Ну, не хочет чокаться — и не надо. Герман ахнул стопарь залпом, да крепчайшая настойка, зараза, пошла не в то горло. Умелым сокращением мышц Герман вернул ее на место — только покашлял немножко. В задумчивости повертел вилкой над грибами и капустой, выбирая, куда ткнуть, и вдруг его лица точно бы порыв студеного ветра коснулся.
Страшно стало чего-то, да так, что рука затряслась, упала на стол, будто чужая. Посмотрел в глаза Никите Семеновичу, но не увидел их, расплывшихся слезами.
Тот плакал не так, как плачут мужчины — медленно, тяжело, скупо. Слезы обильно лились по морщинистым щекам, словно прорвались, наконец, на волю. Наверное, сторож их и впрямь долго сдерживал, копил — да вот и кончились силы!
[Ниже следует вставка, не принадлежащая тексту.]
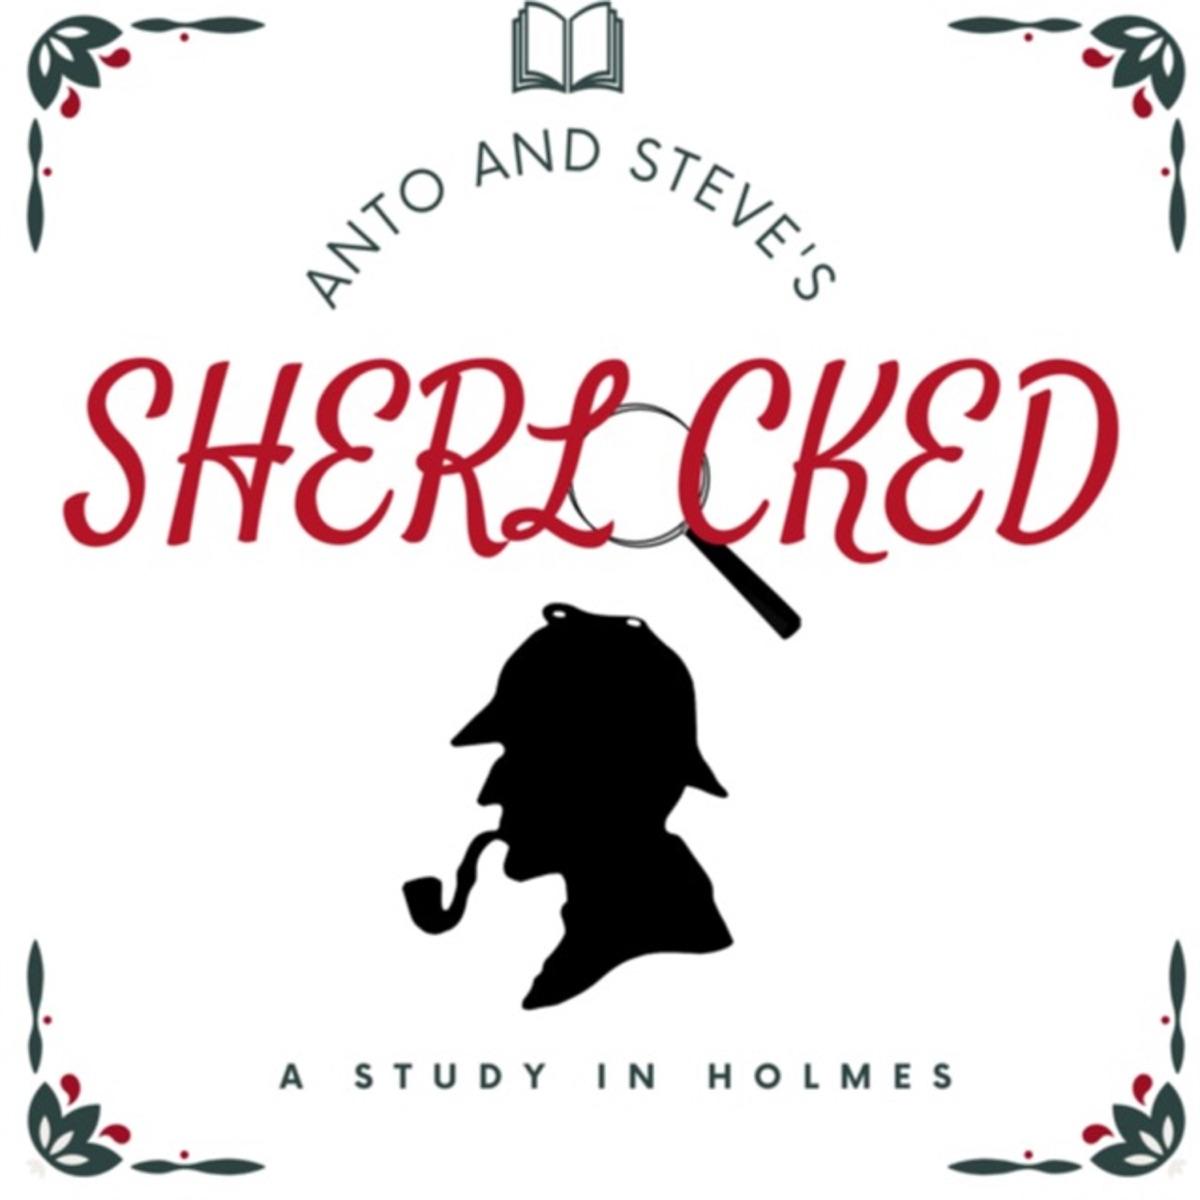 The Sherlocked Podcast

Герман сидел, оторопело глядя на Семеновича чуть ли не с разинутым ртом, не то чтобы ничего еще не понимая, а просто не желая понять. Что-то протестующе бунтовало в душе: эти слезы, эта боль, стиснувшая сердце, это молчание, повисшее в кухне и таившее в себе какие-то страшные открытия, — все это никак не вязалось с тем настроением радостного, полудетского предвкушения счастья, в котором он пребывал уже несколько месяцев, с тех пор, как решил вернуться домой и смог, наконец, осуществить свое решение.
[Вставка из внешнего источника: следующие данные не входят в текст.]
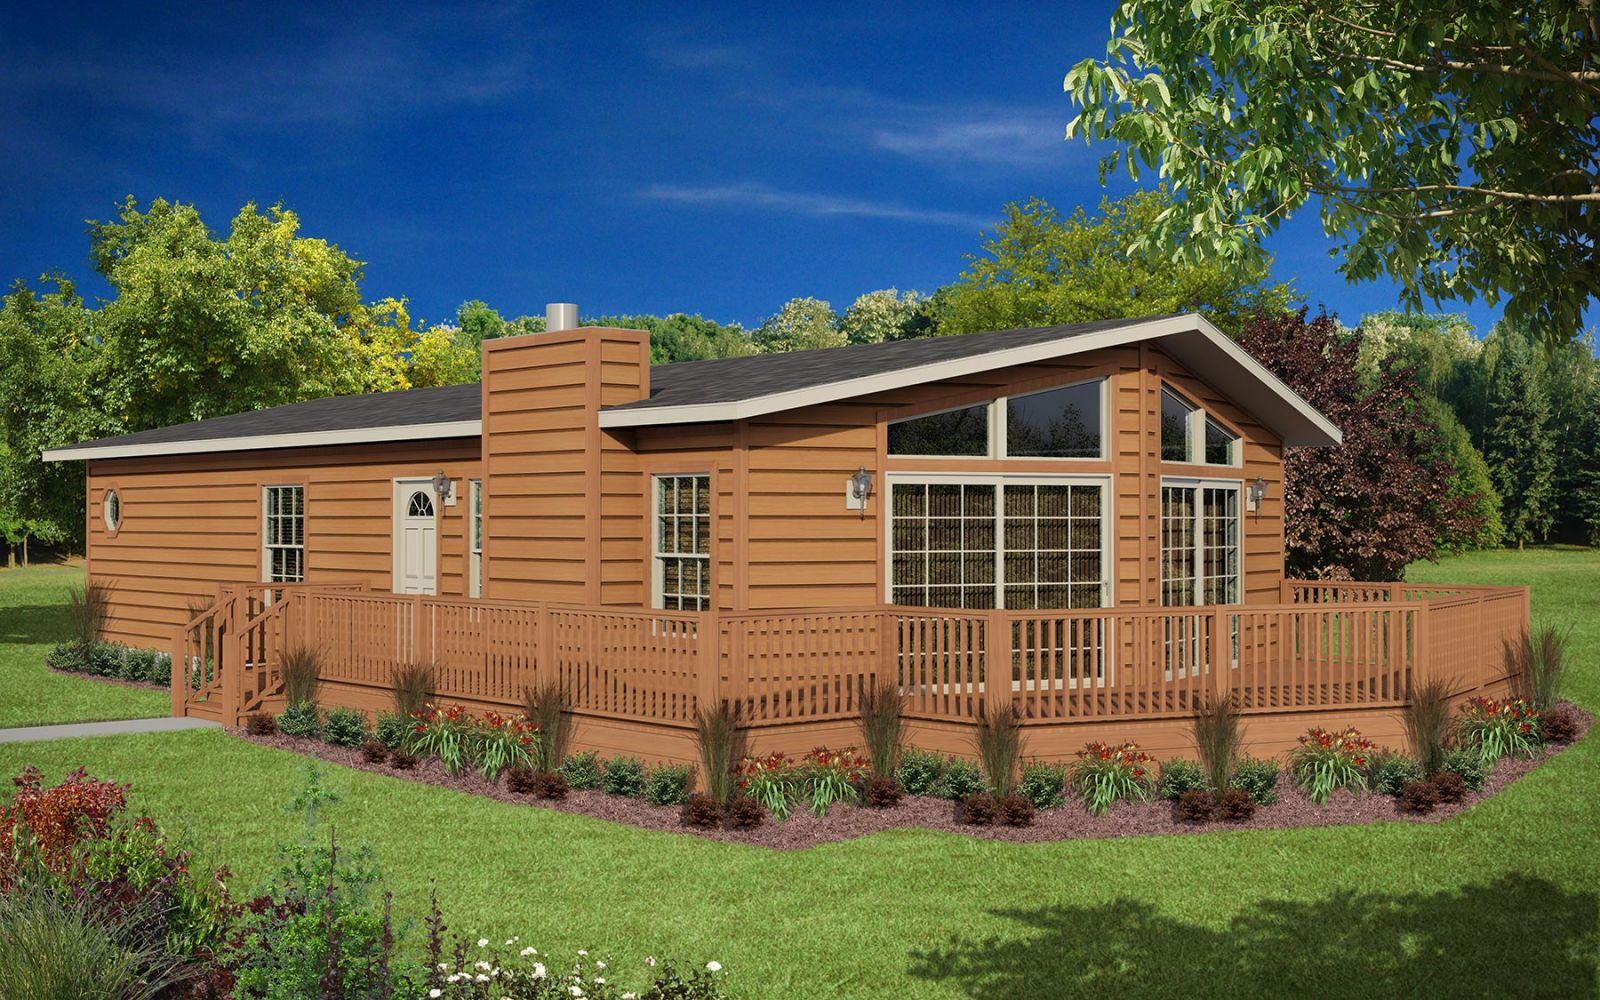 Wood Manor D502 - Skyline Homes

«Не надо, не хочу ничего знать, это несправедливо!» — чуть не вскричал он тонким голоском обиженного мальчика, но вместо этого выдохнул, сам себя не слыша:
— Что с Дашенькой?!
Никита Семенович перекрестился; давясь слезами, неловко прикрыл рукой свое искаженное мукой лицо.
Герман зажмурился, чувствуя, как холод, оледенивший лицо, завладевает всем телом. Кровь стучала в висках, и за этим стуком неясно различались какие-то чужие голоса, перебивавшие друг друга:
— Вечный покой!
— Царство небесное!
— Вечная память!
— Земля пухом!..
Герман зажал уши руками, вскочил, глядя по сторонам, но ничего не видя: все вокруг застилала кровавая мгла.